先打開Chrome輸入網址,按下F12,打開開發者工具。選Network一項,在Network下面選XHR(xhr格式的爲Ajax請求),不斷下滑網頁,直到抓到以answer?開頭的包。
我們來分析一下這個包,點擊Headers
可以看到這是個requests請求,他base_url = “https://www.zhihu.com/api/v4/questions/302378021/answers?”,後面跟着include、limit等幾個參數。這部分的參數可以在Query String Parameters欄目中找到。

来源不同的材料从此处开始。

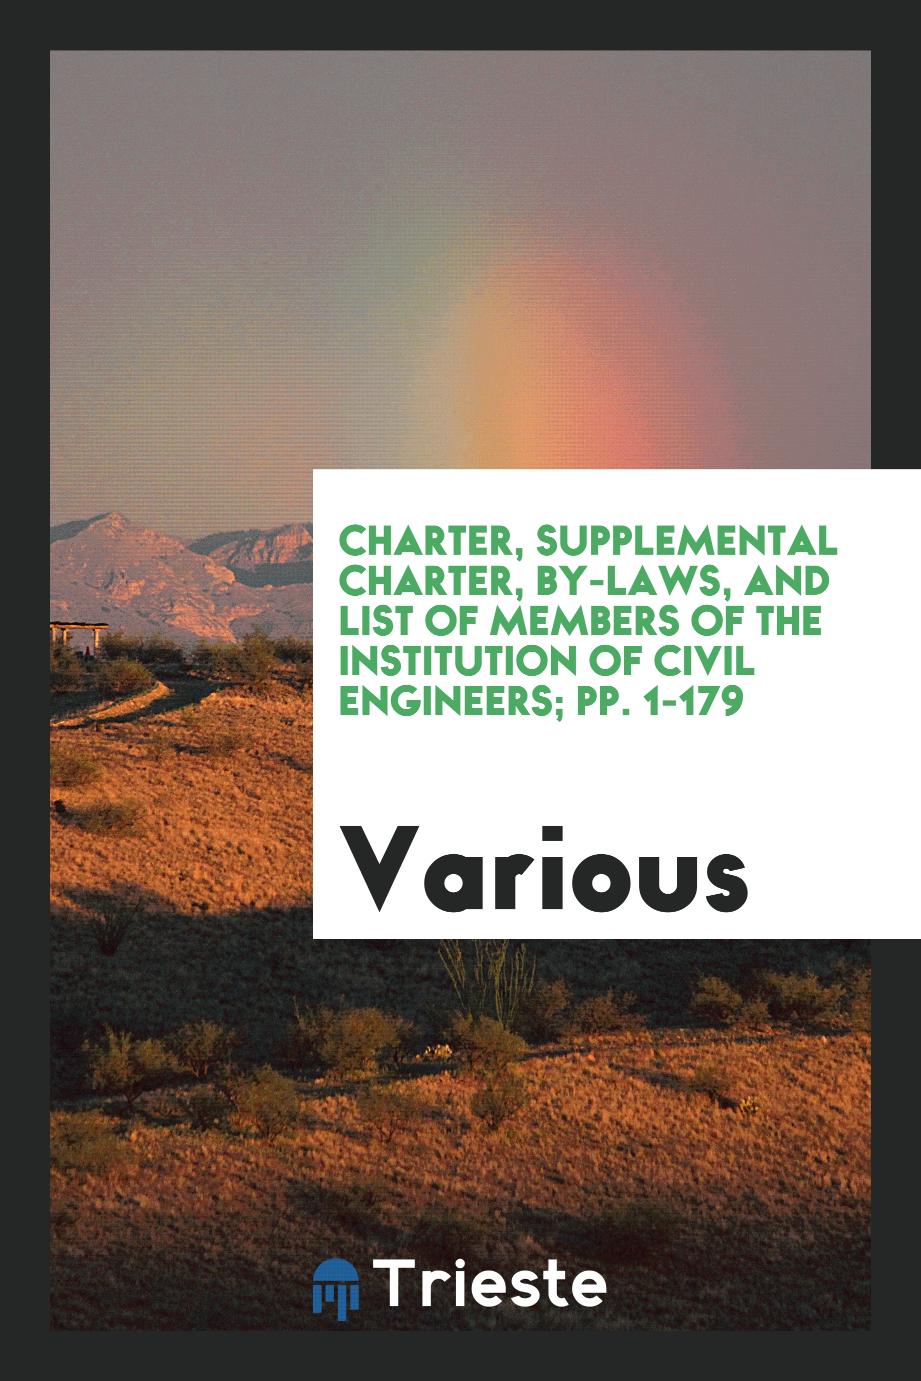 Charter, Supplemental Charter, By-Laws, and List of Members of the Institution of Civil Engineers; pp. 1-179

現在可以寫一下網頁請求的代碼,headers中老規矩設置一下自己referer和user-agent,可以複製Request Headers欄目中的。
import requests
from urllib.parse import urlencode
def get_page(offset):
params = {
'include' : "data[*].is_normal,admin_closed_comment,reward_info,is_collapsed,annotation_action,annotation_detail,collapse_reason,is_sticky,collapsed_by,suggest_edit,comment_count,can_comment,content,editable_content,voteup_count,reshipment_settings,comment_permission,created_time,updated_time,review_info,relevant_info,question,excerpt,relationship.is_authorized,is_author,voting,is_thanked,is_nothelp,is_labeled,is_recognized,paid_info,paid_info_content;data[*].mark_infos[*].url;data[*].author.follower_count,badge[*].topics",
'limit' : 5,
'offset' : offset,
'platform': 'desktop',
'sort_by': 'default',
}
base_url = "https://www.zhihu.com/api/v4/questions/302378021/answers?"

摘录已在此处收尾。